For the next two hours, Swedenborg periodically interrupted the uneasy gathering with updates on the conflagration. Sometime after 8:00 P.M., he left the house again for a few minutes. When Swedenborg returned this time, his mood had dramatically shifted – he appeared relieved and overjoyed. With a prayer of thanks, he proclaimed: “Thank God! The fire is extinguished – the third door from my house.” In other words, the fire had stopped just three buildings away from his own property on Stockholm’s Hornsgatan street. Having delivered this climax to his strange vigil, Swedenborg could finally calm himself.

The guests in Gothenburg were astonished, as word of Swedenborg’s pronouncements spread quickly through the city. Many feared it might be true and grew concerned for friends or family in Stockholm. The idea that a raging fire in the capital could be psychically “seen” from hundreds of miles away seemed incredible, yet Swedenborg’s emotion and specificity were hard to dismiss. That same Saturday evening, Governor Carl Höpken (the provincial governor of Gothenburg) learned of Swedenborg’s disturbing claims.

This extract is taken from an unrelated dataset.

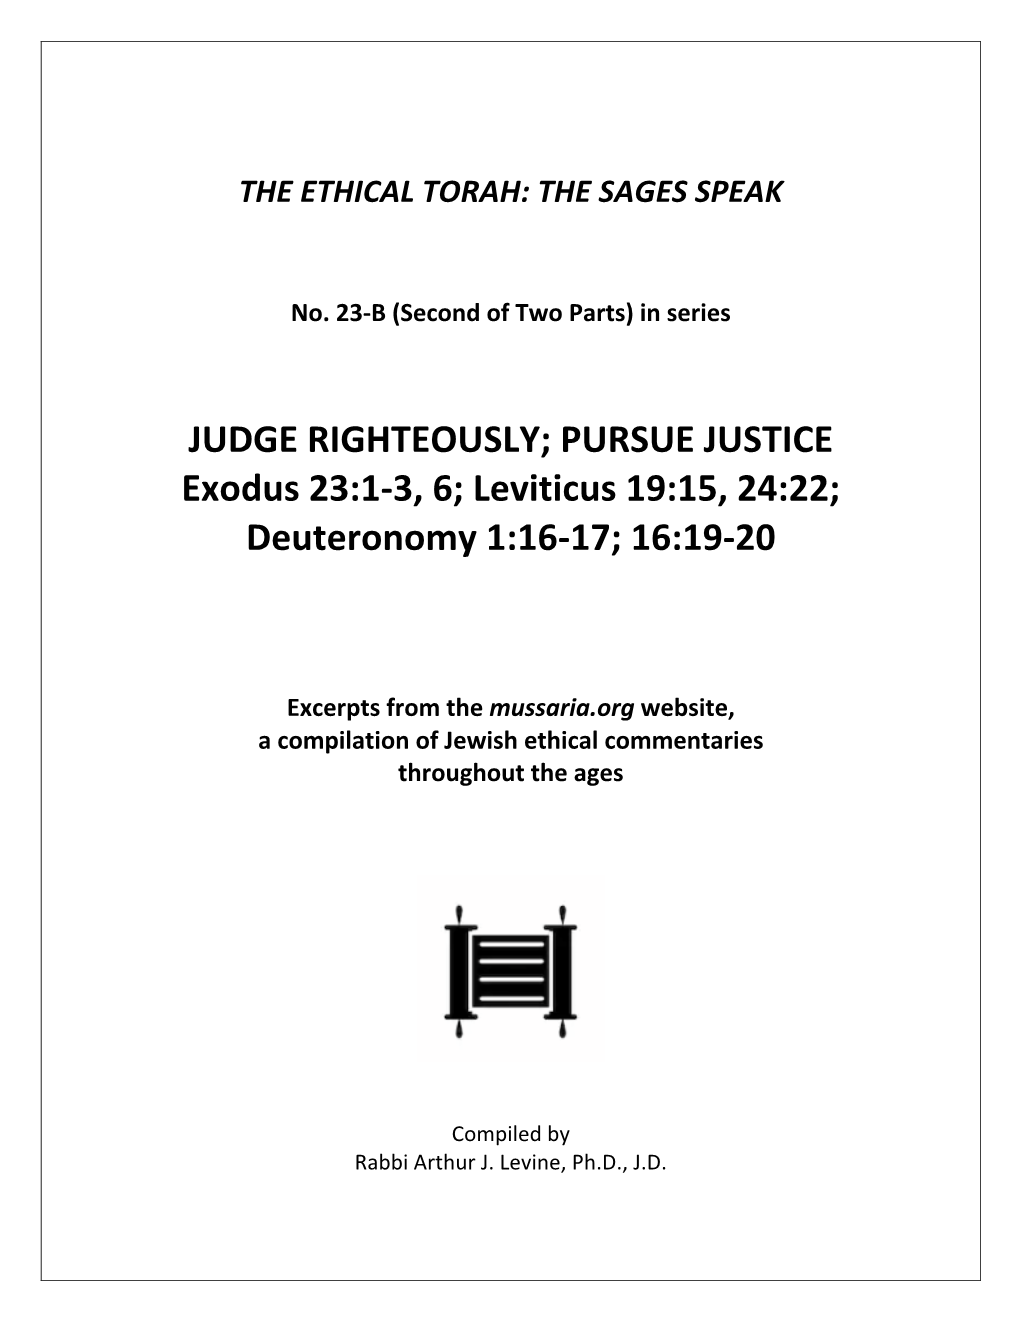 JUDGE RIGHTEOUSLY; PURSUE JUSTICE Exodus 23:1-3, 6; Leviticus 19:15, 24:22; Deuteronomy 1:16-17; 16:19-20

Sensing the anxiety it was causing, the Governor took the report seriously enough to consider an official inquiry.

Verification: Messages from Stockholm and Kant’s Inquiry

By Sunday morning (July 20), news of Swedenborg’s vision had so permeated Gothenburg that Governor Höpken summoned Swedenborg for questioning. The Governor asked Swedenborg to recount what he “saw” in detail. Swedenborg precisely described the fire’s timeline and location, including “how it had begun, in what manner it had ceased, and how long it had continued.” He even identified the street (Södermalm) and how far the flames had reached (to the third door from his own house). These specifics were noted by the Governor, albeit with some skepticism. No conventional news could have arrived from Stockholm so quickly – at least not until official couriers completed the arduous overland journey.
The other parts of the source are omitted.